Форум по управлению интернетом Belarus IGF-2017, организованный для диалога между представителями государственных органов, бизнеса, некоммерческих организаций и рядовых интернет-пользователей, состоялся 16 мая в Minsk Marriott Hotel. Организаторами форума выступили: hoster.by, технический администратор национальной доменной зоны, Оперативно-аналитический центр при Президенте Республики Беларусь, Human Constanta, некоммерческая правозащитная организация, и beCloud, провайдер облачных решений. 

*Ульяна Зинина, директор по корпоративным вопросам Microsoft в России и СНГ*, приняла участие в круглом столе на тему «Защита персональных данных». Перед участниками стояли следующие вопросы: следует ли в РБ вводить закон по защите личных данных пользователей, и какой орган должен взять на себя обязательство по его разработке. 

_«Количество людей стремительно сокращается по отношению к количеству устройств, подключенных к интернету. В эпоху четвертой индустриальной революции объем генерируемых и собираемых данных больше, чем когда-либо ранее. На государственном уровне защита персональных данных должна быть построена таким образом, чтобы не уничтожать цели, которые стоят перед разработчиками новых технологий – двигателей прогресса и государствами, которые строят цифровую экономику. Другими словами, хотелось бы получить такой закон, который позволил бы внедрять инновации и при этом обеспечивал права субъектов персональных данных и безопасность их данных»_, - прокомментировала *Ульяна Зинина*. 

Для Microsoft конфиденциальность пользовательских данных одна из главнейших задач. Для этого разработана концепция Privacy as a service – конфиденциальность как услуга. Новые программные продукты компании, в том числе облачные, поддерживают расширенное шифрование данных в любой точке входа и их передачи. Компания принимает все возможные организационные, технические и юридические меры для укрепления защиты прав пользователей, в том числе отстаивая право на конфиденциальность данных в суде. 

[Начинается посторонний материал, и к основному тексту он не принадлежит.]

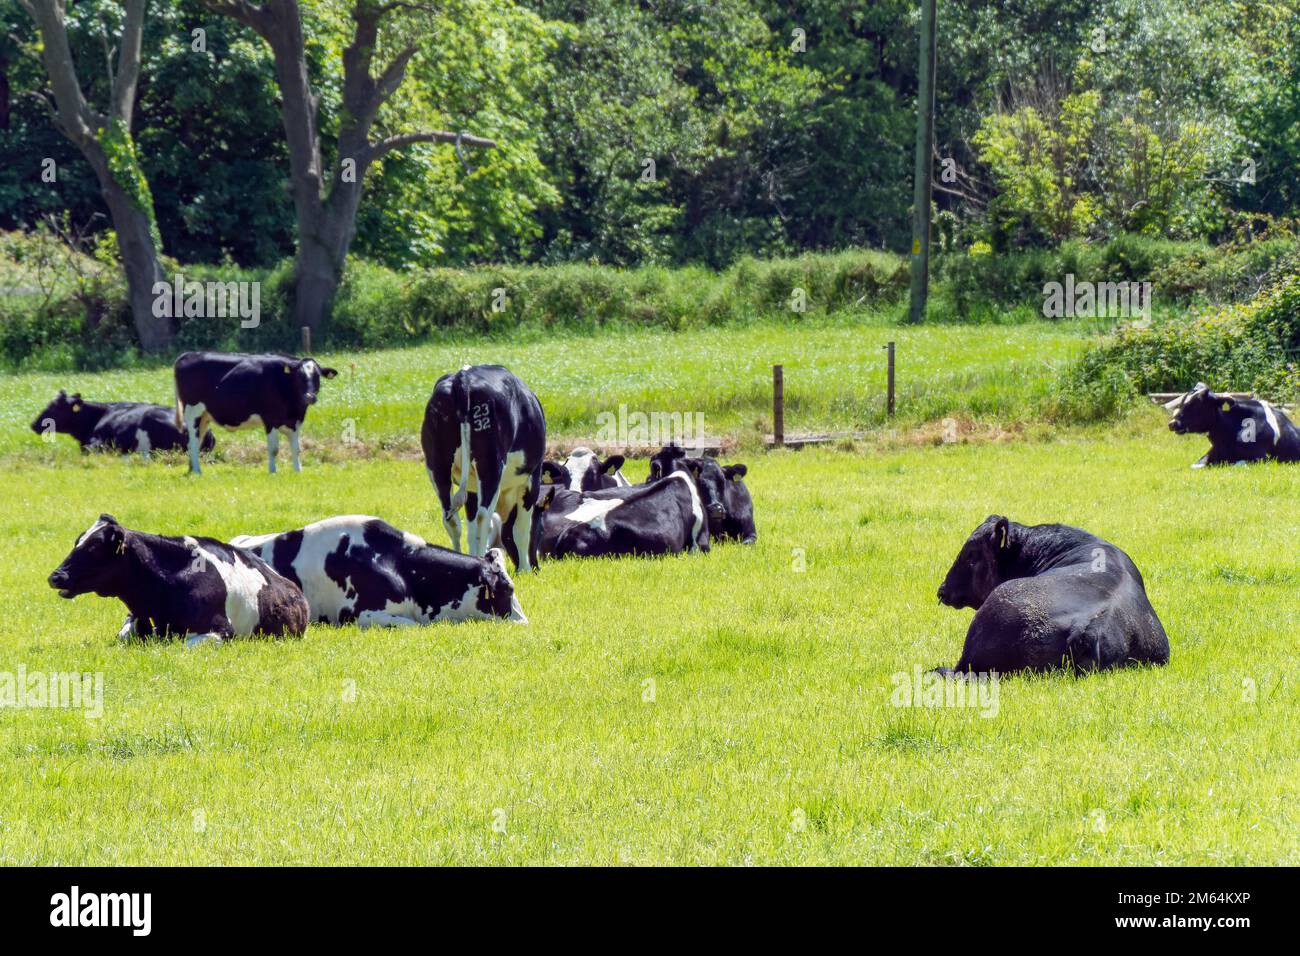 Plusieurs vaches et un gros taureau noir se trouvent sur un pré vert le jour ensoleillé du printemps. Bétail sur pâturage libre. Ferme écologique, paysage. Noir et blanc c Banque D'Images

Говоря о продуктах Microsoft, в ходе круглого стола было отмечено, в частности, что в Windows 10 пользователь самостоятельно дает согласие и включает нужные ему сервисы, которые требуют ввода его личных данных. Microsoft не использует личные данные без согласия пользователя. При этом, при выборе настроек в Windows 10 нужно быть предельно внимательным: если отключить важные обновления, компьютер станет уязвим к заражению опасными вирусами. Обновления Windows 10 обеспечивают защиту пользовательских данных от вредоносных программ и хакерских атак. 

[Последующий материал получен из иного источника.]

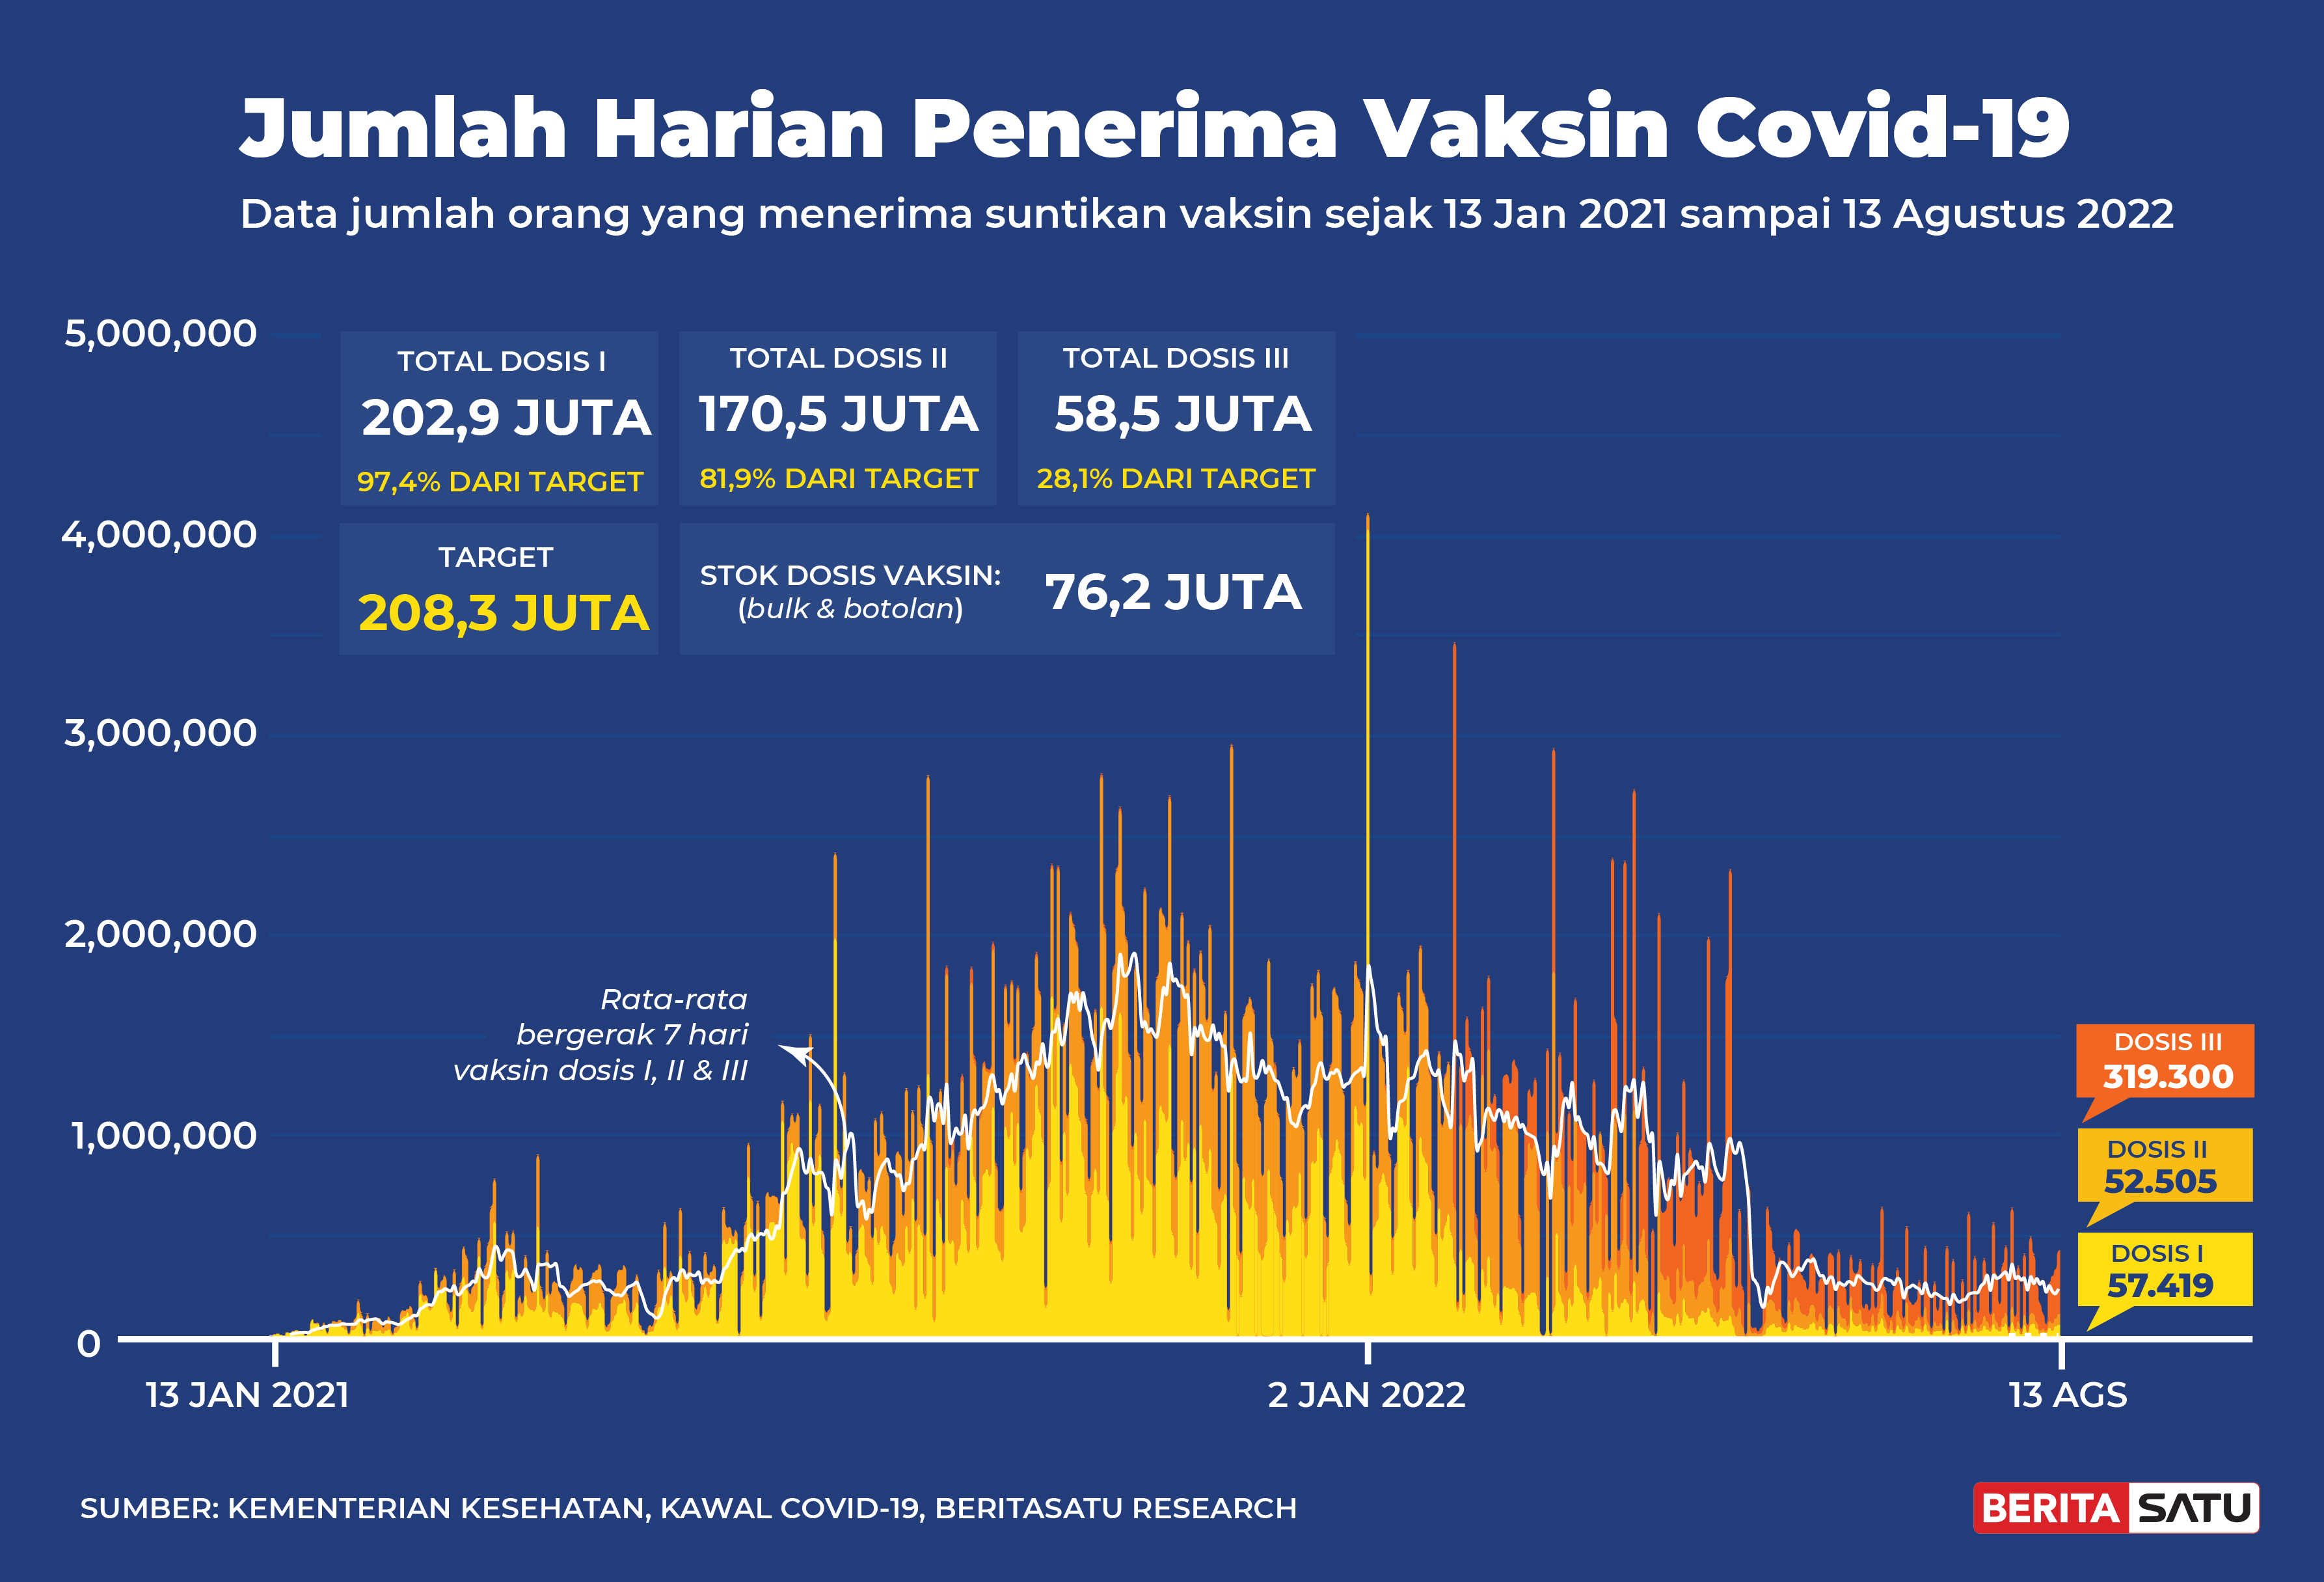 Penerima Vaksin Covid-19 di Indonesia sampai 13 Agustus 2022

Участники круглого стола сошлись во мнении о том, что новый закон должен быть направлен на защиту прав рядовых пользователей и бизнеса и учитывать уже существующие лучшие практики Республика Беларусь находится в начале пути - концепция закона по защите прав персональных данных в Беларуси находится в разработке. Она базируется на 108 конвенции Совета Европы «О защите физических лиц в отношении автоматизированной обработки данных личного характера». 

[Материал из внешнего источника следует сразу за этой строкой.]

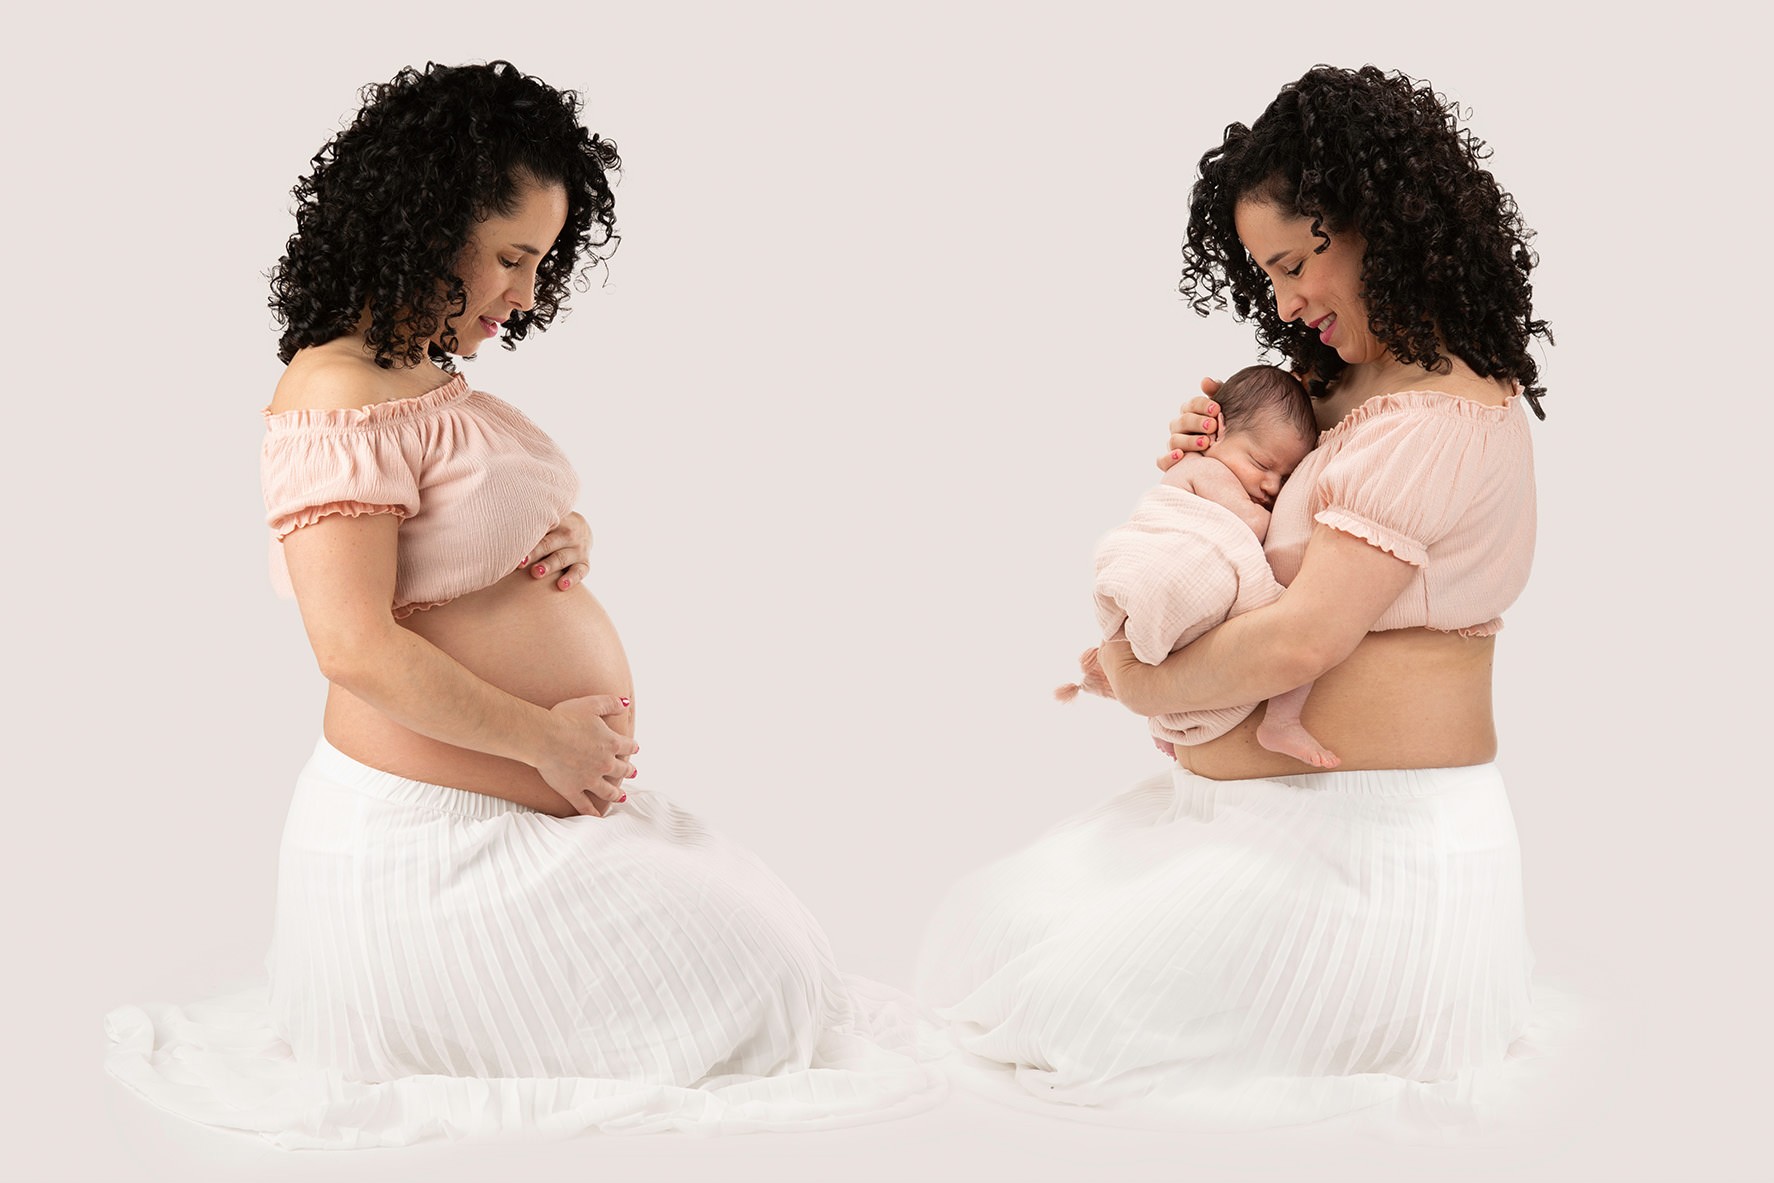 Fotografia embarazada y recien nacido en estudio

_«Новое законодательство должно выполнять не карательные, а просветительские функции, ведь многие до сих пор не знают, что такое персональные данные. Кроме того, закон должен защищать права пользователей по равным принципам, вне зависимости от их профессий, социального статуса, расовой принадлежности»_, − поделилась мнением *Ульяна Зинина*. 

В круглом столе на тему «Региональная проблематика развития интернета» компания Microsoft представила презентацию об облачных вычислениях. 

_«Анализ данных, машинное обучение и искусственный интеллект, которые стали реальностью благодаря облачным вычислениям, помогают организациям в сфере производства, образования, здравоохранения и во многих других областях понять сложные системы, повысить эффективность, сократить затраты, решить различные проблемы и предоставить новые возможности, построить цифровое общество»_, − рассказала *Ульяна Зинина*. 

В будущем облачные технологии будут помогать в борьбе с онкологическими заболеваниями: искусственный интеллект будет анализировать снимки опухолей и на основе выполненного анализа предлагать решения. 

Однако с преимуществами облачных вычислений, появляются новые вызовы: сокращение рабочих мест, уменьшение конфиденциальности, появление разницы в доходах населения, недоступность новейших технологий определенным категориям людей.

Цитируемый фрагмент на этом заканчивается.